A variation of this system I would think might work in public affairs journalism. But the picture of neutrality which emerges from within the press tradition is quite different. Even though neutrality and impartiality are claimed as objectives, no real enforcement mechanisms, short of the withdrawal of advertising revenue, or the threat thereof, seems to have any impact. The press is therefore not formally bound in its day-to-day practices to any party (but only to "market forces") and in that respect believes itself to be self-regulated. This alone allegedly assures its autonomy, and, to use Peter Winch's term, that it remains "uncommitted" (1958, p. 102).

Note, however, the very different way of seeing the role of the press implied in the title of Edward Lambeth's text Committed Journalism. Committed journalism, being thoughtful and investigative, cannot be satisfied only with what lies on the surface. In probing beneath the surface it might well question conventional wisdom, even suggesting reform (1986., pp. 9-10). Indeed, therefore, investigative or "committed" journalism would itself, in Hayek's way of thinking, suffer a form of hubris.

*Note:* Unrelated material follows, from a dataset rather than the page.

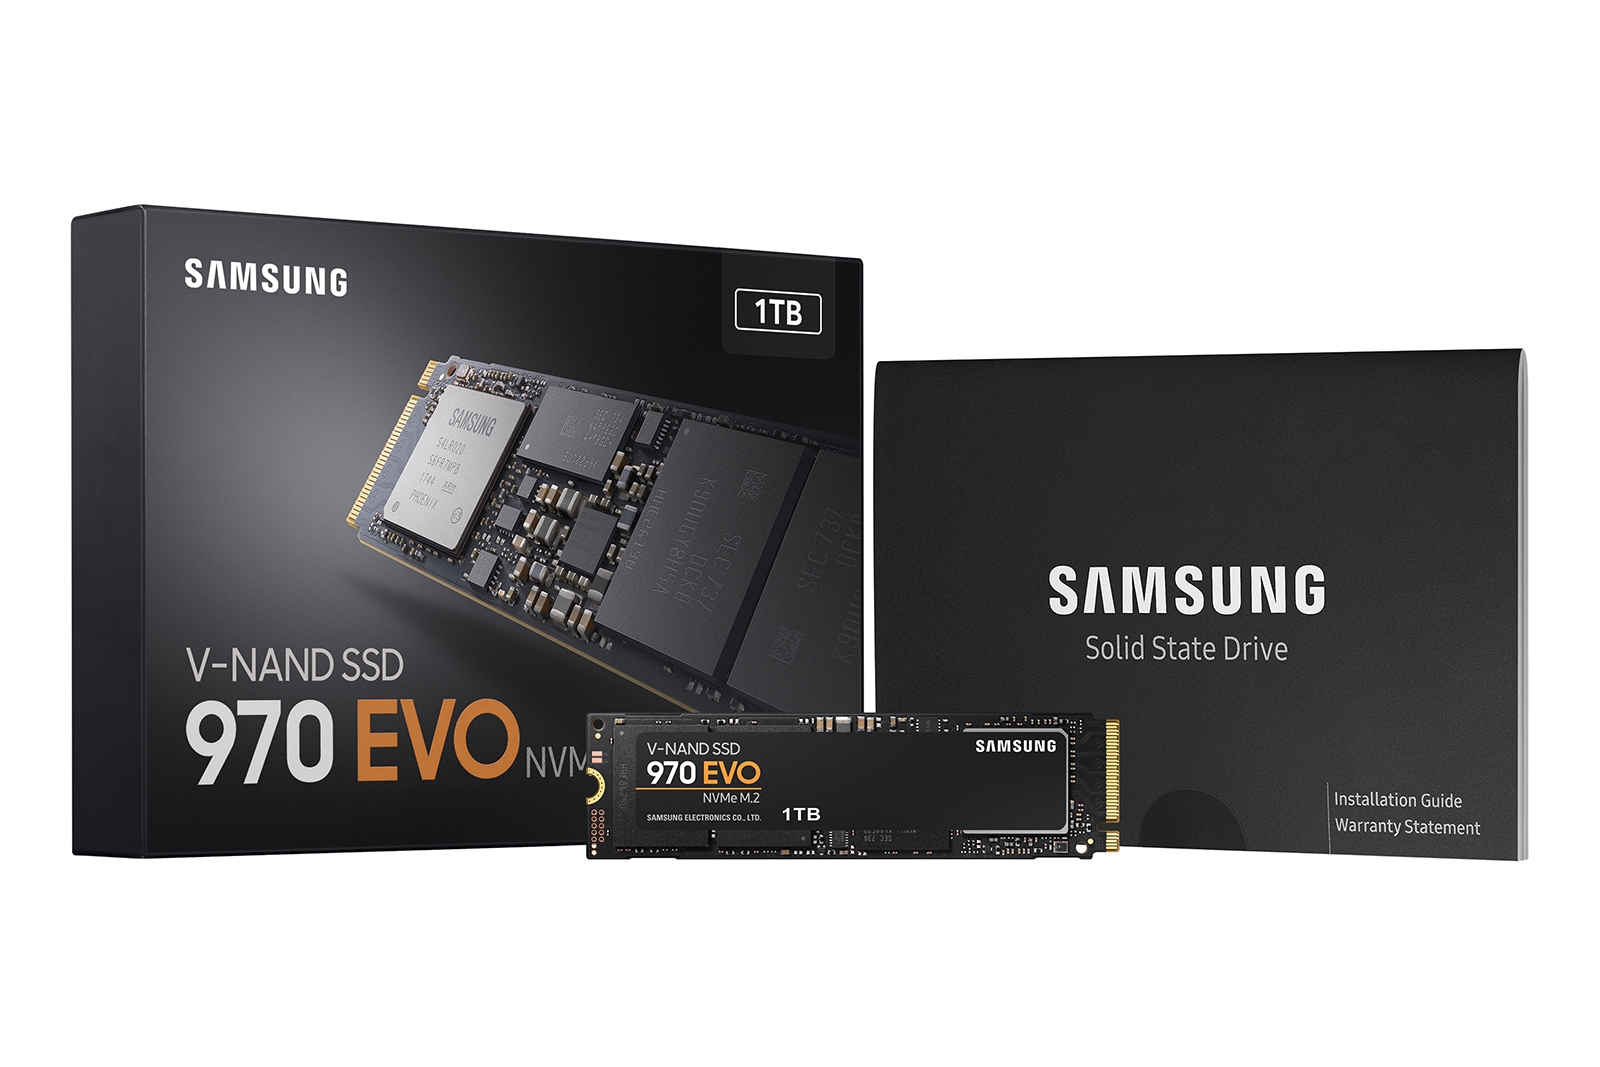  SAMSUNG 970 EVO SSD 1TB - M.2 NVMe Interface Internal Solid  State Drive + 2mo Adobe CC Photography with V-NAND Technology  (MZ-V7E1T0BW), Black/Red : Electronics

For Hayek investigations of social reality of necessity remain on the surface. Knowledge is "tacit," practical in nature, akin to "know-how" (Gray, 1986, pp. 14-16). Detailed analyses which go below the surface (as is implied by "investigative reporting") therefore are pointless. According to Gray, Hayek "gives a wholly new twist to the argument for liberty from ignorance" (Gray, 1986, p. 15). But if as Tuchman (1971/72) points out, the social scientist is a "thinker," and the journalist a "man of action," on this account Hayek's method would suit the temperament and inclination of the latter, not the former.

Conservative economy, in sum, has built into it a public affairs component. The job of the business lobbyist often is to "pro-actively" put negative (reformist), supposedly counter-productive or "pseudo" issues, to rest. In many cases where an advocate-lobbyist-spokesperson is interviewed on economy or business-related questions, he or she doubles as an expert. And the practical consequences of the advocacy of "uncommittedness" can be seen in the growing influence of the deregulation school has had over all. Arguing that the political state, its highest courts and its news media remain "uncommitted" (non-activist) in relation to the leading social policy issues of the day, proponents of deregulation have managed to roll back gains made by social movements during previous decades, including quieting down a potentially adversarial press.

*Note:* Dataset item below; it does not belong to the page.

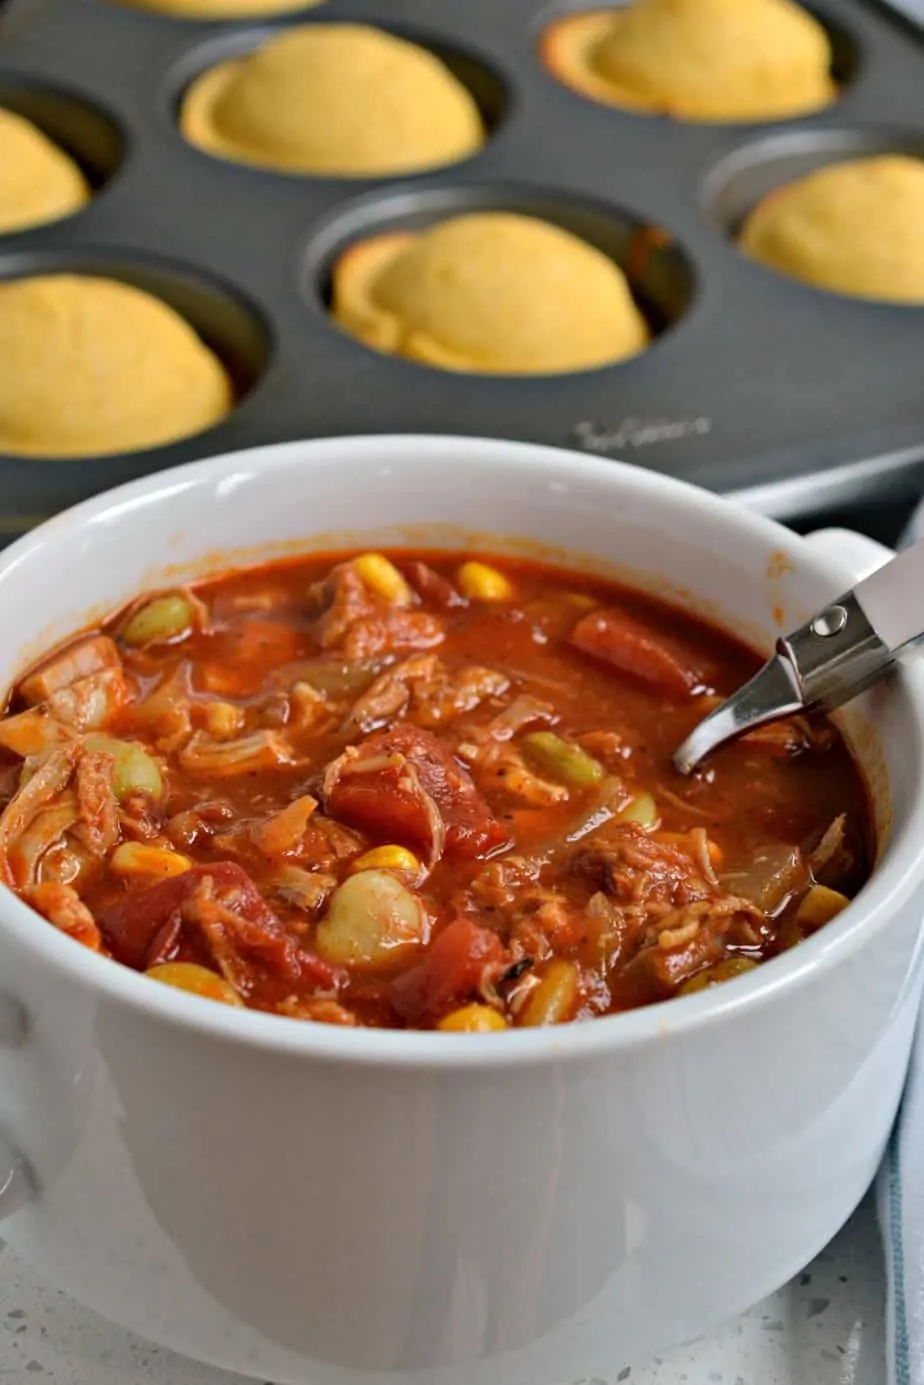 With already cooked meats this Brunswick Stew recipe comes together quickly and easily.

Keeping this in mind, we can turn to the coverage of the FTA.

The Coverage of The FTA: A Poor "Balancing of Considerations"

Consistent with what I have argued above, faithful viewers of public affairs television in 1987 and 1988 would have been witness to a significant number of informal discussions between journalists and members or representatives of the business community on matters directly or peripherally related to the FTA. The vigilance one would have expected in such circumstances seemed curiously suspended as such occasions were rather made to appear as mere opportunities to "inform" Canadians on subjects not always obviously related to free trade. In doing so journalists displayed at best a great naiveté in their understanding of the purpose of the lobbyist's presence and at worst an abnegation of the journalist role as neutral facilitator of informed discussion.

Typical of the routinely relaxed demeanor so often present in the coverage of economic and trade side of the FTA discussion are the two pieces cited below from the business and public affairs segments of the CTV programme Canada AM. They, as all the examples I examine, have been selected quite deliberately to reflect part of an impression gained of the coverage of the FTA (based upon the careful viewing of 294 separate items) which I believe has not been sufficiently commented upon. My purpose here, therefore, is not to count statements of key political players but rather to take special note even of individual instances where violations of journalists' own principle of balance went unnoticed.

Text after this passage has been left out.